As an Agile team, we strive to minimise risks, while ensuring close contact with our clients and establishing a constant feedback loop to keep our project in sync. But the first steps are the most important ones for securing a common understanding and vision for the software product we’re about to take from idea to an actual successful project on the Internet map.

Clients usually come with a very enthusiastic approach to their ideas, and they want a lot of functionalities, because they want their users to get the best experience out of their products. They often ask if certain features can be accomplished, and our most common answer is: “Everything can be done!”, but of course there are many other aspects to be evaluated until then. We need to focus on the little steps at first, and we admit that this is one of the hardest things to do in software development.

First things first: we have to identify the MVP (Minimum Viable Product).

There are several techniques available to achieve this, but we prefer the user story mapping method. This stands for arranging user stories to create a more holistic view of how they fit into the overall user experience.

Through user story mapping, we get to foresee the overall process of the product and even identify additional steps that can’t be defined without putting the idea into perspective. With visualizing the big-picture, the software development team can prioritize, and the management team can keep the backlog feasible.

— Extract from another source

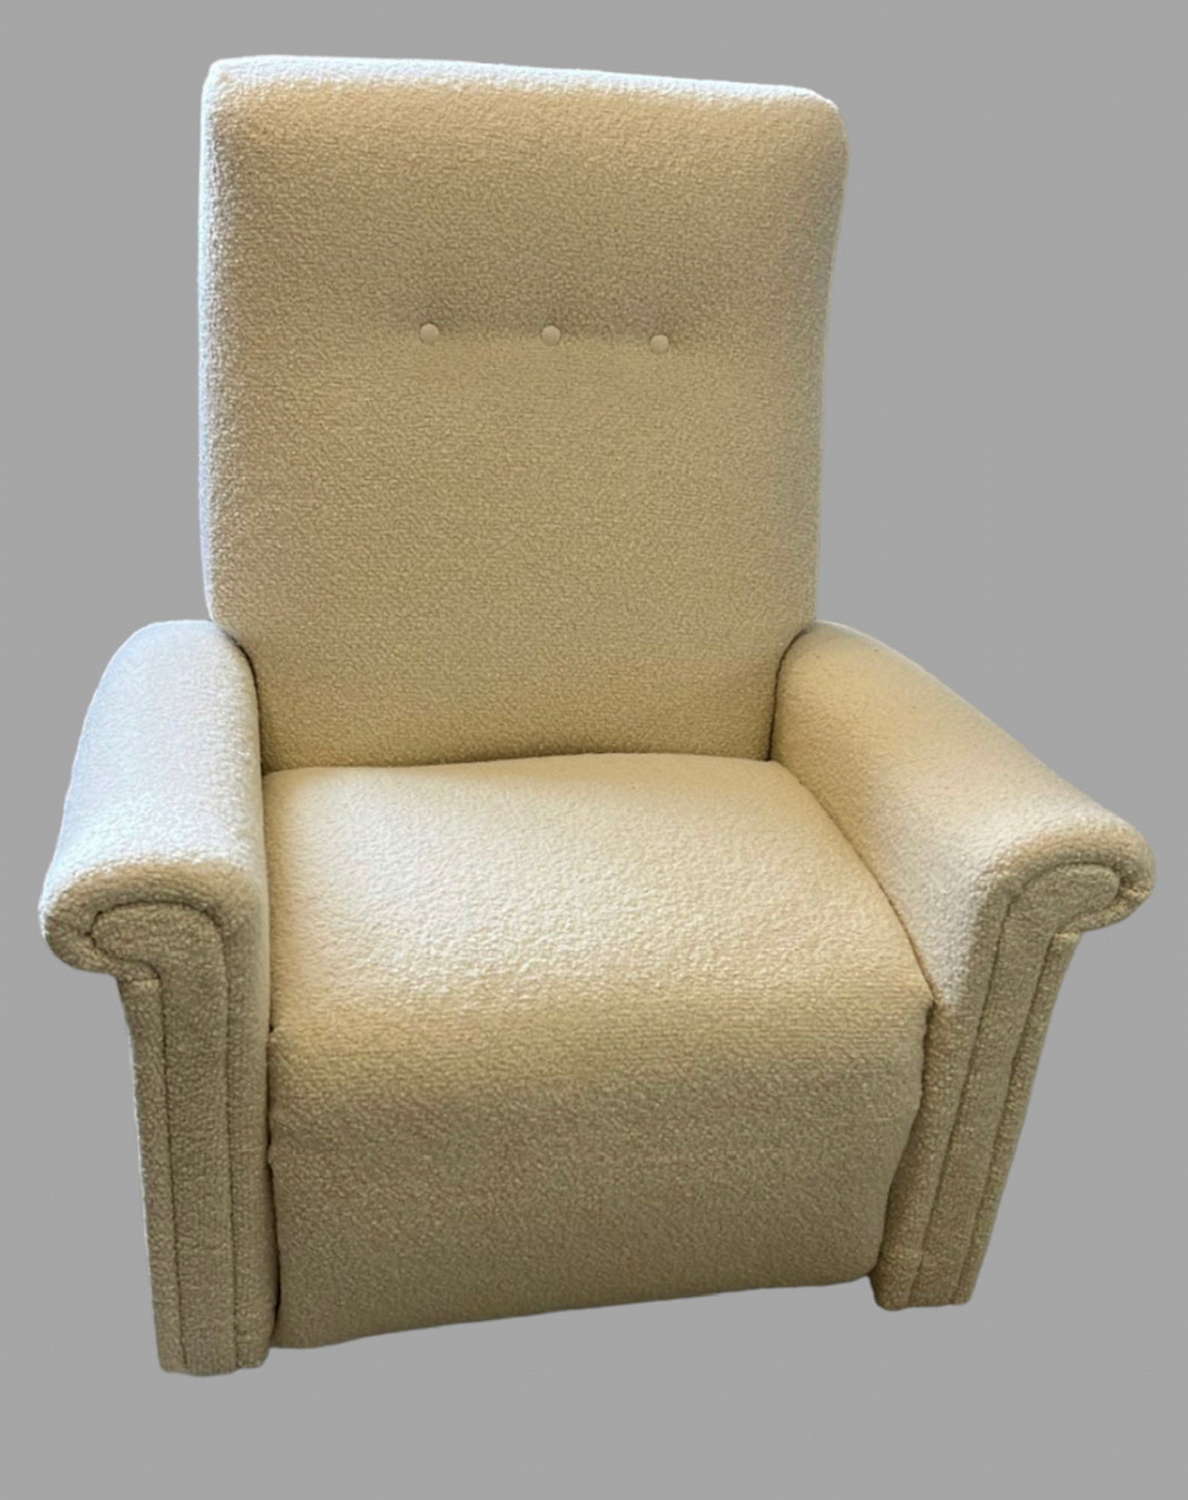 An Attractive Re Upholstered Parker Knoll Style Armchair

Next — what goes in and what goes out

After gathering requirements together with the client, we try to establish what will go into the MVP and what is more suitable to be implemented in future iterations. We split the user stories in 4 quadrants:

High impact + high urgency — will be automatically included in the MVP.
High urgency + low impact — will be individually analyzed and for each particular user story, a decision will be made: to be included into the MVP or not (if not, most likely will be included in the first iteration).
High impact + low urgency — based on our experience, these are usually included in the upcoming iterations (first or second iteration); they are what we call nice-to-haves.
Low impact + low urgency — usually go in the backlog, and they tend to stay there. This doesn't mean they will never be implemented, but depending on the budget and new improvements requested by clients, they will be the “sacrificial” ones.

After we clearly identify the MVP and the main user stories, we start writing them. There are different approaches in doing this, but we prefer to keep them simple and short, but with great value.

First thing we need to do is remember that user stories are about users. We identify who does the action (the user/ admin/ guest/ vendor/ buyer etc), what action needs to be done and what’s the outcome. Simply put, we focus on WHO, does WHAT and WHY?

Therefore, if you follow these simple steps: keep the focus on the user, encourage the team to think freely and creatively and keep the end goal in mind, your software requirements should be clearly defined.